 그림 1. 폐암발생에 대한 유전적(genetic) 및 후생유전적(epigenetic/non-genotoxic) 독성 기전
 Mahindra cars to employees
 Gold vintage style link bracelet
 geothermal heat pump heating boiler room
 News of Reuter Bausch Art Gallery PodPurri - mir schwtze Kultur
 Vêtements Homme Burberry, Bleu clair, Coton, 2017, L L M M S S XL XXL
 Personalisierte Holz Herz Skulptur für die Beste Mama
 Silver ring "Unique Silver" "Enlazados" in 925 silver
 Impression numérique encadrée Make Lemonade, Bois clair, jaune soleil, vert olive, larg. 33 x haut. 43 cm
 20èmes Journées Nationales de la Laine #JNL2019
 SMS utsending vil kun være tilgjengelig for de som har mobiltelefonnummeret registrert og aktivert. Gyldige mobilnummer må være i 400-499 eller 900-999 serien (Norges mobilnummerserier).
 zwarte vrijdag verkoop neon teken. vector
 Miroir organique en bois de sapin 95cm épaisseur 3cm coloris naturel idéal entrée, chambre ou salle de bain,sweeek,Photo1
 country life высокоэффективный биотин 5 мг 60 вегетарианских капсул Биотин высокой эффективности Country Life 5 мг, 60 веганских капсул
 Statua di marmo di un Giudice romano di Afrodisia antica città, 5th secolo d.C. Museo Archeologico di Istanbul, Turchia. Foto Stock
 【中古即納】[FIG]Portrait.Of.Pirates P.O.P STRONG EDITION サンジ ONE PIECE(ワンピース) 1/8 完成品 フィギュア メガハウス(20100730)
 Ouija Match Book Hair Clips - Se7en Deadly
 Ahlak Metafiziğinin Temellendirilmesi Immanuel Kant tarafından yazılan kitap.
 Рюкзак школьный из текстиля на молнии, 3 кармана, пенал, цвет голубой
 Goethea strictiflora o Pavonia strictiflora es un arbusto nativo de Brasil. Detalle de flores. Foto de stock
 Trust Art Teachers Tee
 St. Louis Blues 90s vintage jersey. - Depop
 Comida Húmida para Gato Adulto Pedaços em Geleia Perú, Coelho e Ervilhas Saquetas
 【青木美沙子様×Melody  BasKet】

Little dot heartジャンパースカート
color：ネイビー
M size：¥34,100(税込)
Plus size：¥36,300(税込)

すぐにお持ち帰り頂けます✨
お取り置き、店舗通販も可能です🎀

# Work task:
Please quote exactly the lines from the one containing "Miroir organique en" through the last line of the records above, both included, and nothing else.

# Output for this task:
 Miroir organique en bois de sapin 95cm épaisseur 3cm coloris naturel idéal entrée, chambre ou salle de bain,sweeek,Photo1
 country life высокоэффективный биотин 5 мг 60 вегетарианских капсул Биотин высокой эффективности Country Life 5 мг, 60 веганских капсул
 Statua di marmo di un Giudice romano di Afrodisia antica città, 5th secolo d.C. Museo Archeologico di Istanbul, Turchia. Foto Stock
 【中古即納】[FIG]Portrait.Of.Pirates P.O.P STRONG EDITION サンジ ONE PIECE(ワンピース) 1/8 完成品 フィギュア メガハウス(20100730)
 Ouija Match Book Hair Clips - Se7en Deadly
 Ahlak Metafiziğinin Temellendirilmesi Immanuel Kant tarafından yazılan kitap.
 Рюкзак школьный из текстиля на молнии, 3 кармана, пенал, цвет голубой
 Goethea strictiflora o Pavonia strictiflora es un arbusto nativo de Brasil. Detalle de flores. Foto de stock
 Trust Art Teachers Tee
 St. Louis Blues 90s vintage jersey. - Depop
 Comida Húmida para Gato Adulto Pedaços em Geleia Perú, Coelho e Ervilhas Saquetas
 【青木美沙子様×Melody  BasKet】

Little dot heartジャンパースカート
color：ネイビー
M size：¥34,100(税込)
Plus size：¥36,300(税込)

すぐにお持ち帰り頂けます✨
お取り置き、店舗通販も可能です🎀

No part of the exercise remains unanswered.